Le législateur belge adopte la loi portant modification de la législation relative aux jeux de hasard
Publié le 29/12/2009 par Thibault Verbiest, Momtchil Monov
La Chambre des Représentants a adopté, le 3 décembre 2009, la Loi portant modification de la législation relative aux jeux de hasard (ci-après, la « Loi »). Ele l’a fait sans aucune discussion en commission parlementaire et sans amendements supplémentaires, ce qui est pour le moins inattendu. La Loi précitée, soutenue par le Secrétaire d’Etat Carl Devlies (CD & V), vise à créer un cadre juridique commun pour tous les jeux de hasard, en ce compris ceux offerts sur Internet. C’est le terme d’un long processus législatif. La Chambre des Représentants (Chambre basse du Parlement belge) avait approuvé, le 16 juillet 2009, en première lecture la projet de loi. La Loi a été approuvée et amendée (par des amendements de nature légistique), le 19 novembre 2009, par le Sénat (Chambre haute du Parlement belge). Ensuite, le Sénat a renvoyé la Loi à la Chambre des Représentants en vue de la discussion de celle-ci par cette dernière Assemblée.

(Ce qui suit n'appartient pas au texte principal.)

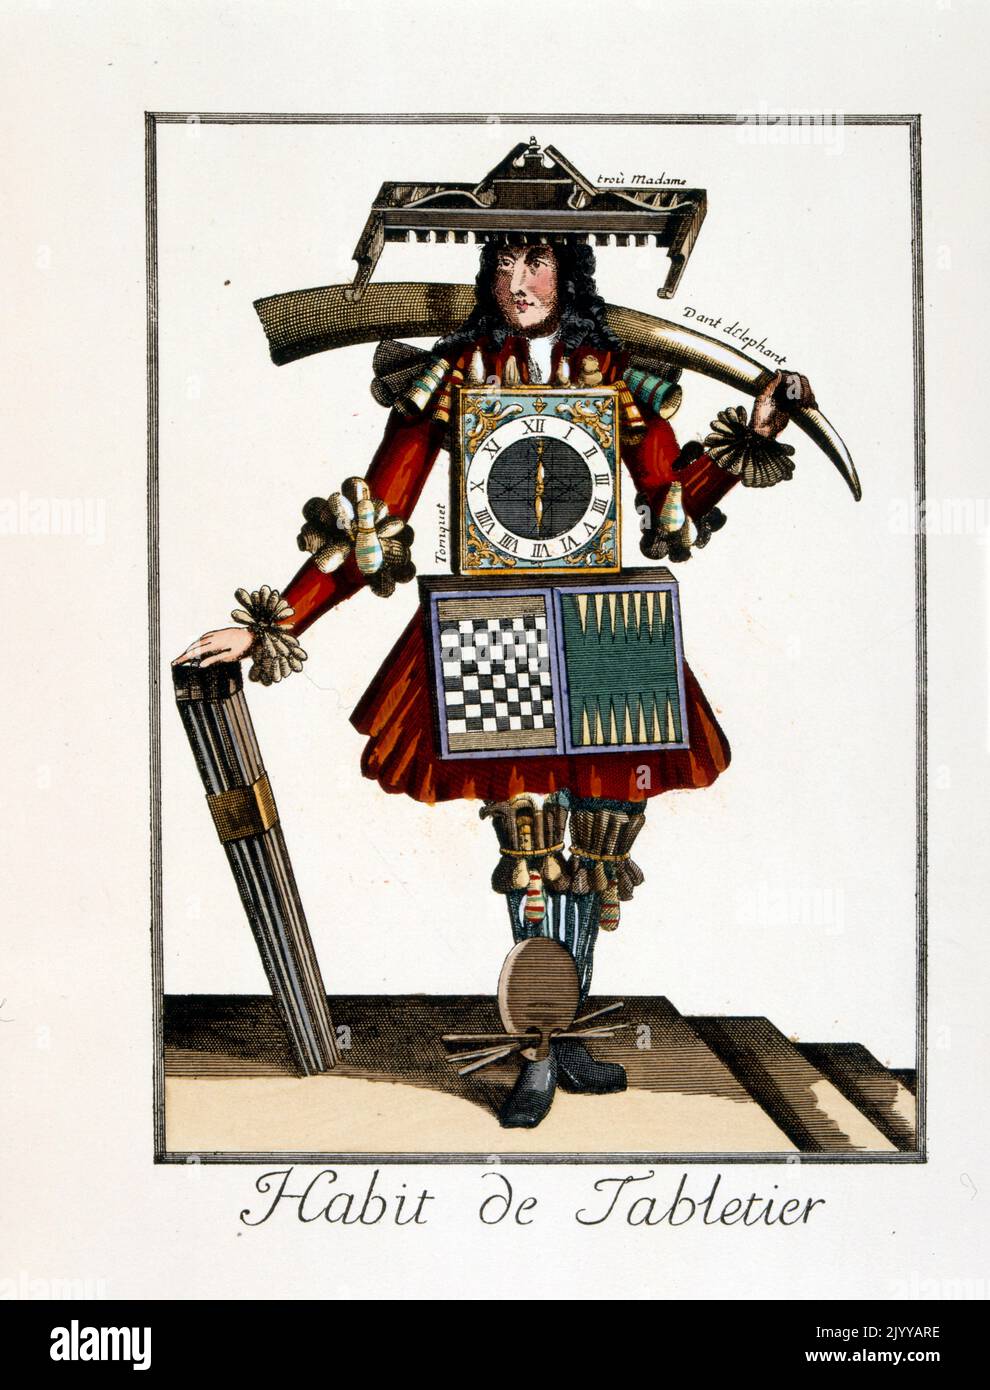 Farbige Abbildung eines Mannes, der ein Outfit eines Spielzeugherstellers für ein Brettspiel mit dem Titel „Habit de Tabletier“ trägt. Stockfoto

Entrée en vigueur de la Loi
La Loi n’a pas encore été publiée au Moniteur Belge (en date du 17 décembre 2009) et n’est donc pas encore entrée en vigueur. En vertu de l’article 61 de la Loi, celle-ci devrait, en principe, entrer en vigueur le 1er janvier 2011 au plus tard. Un Arrêté Royal peut déroger à la date précitée d’entrée en vigueur de la Loi et fixer une date d’entrée en vigueur antérieure à la date visée par l’article 61 de la Loi : un tel Arrêté Royal pourrait être pris au cours du premier trimestre 2010 (compte tenu du fait que la Commission belge des jeux de hasard mène des consultations en vue de la rédaction des futurs Arrêtés Royaux d’exécution de la Loi).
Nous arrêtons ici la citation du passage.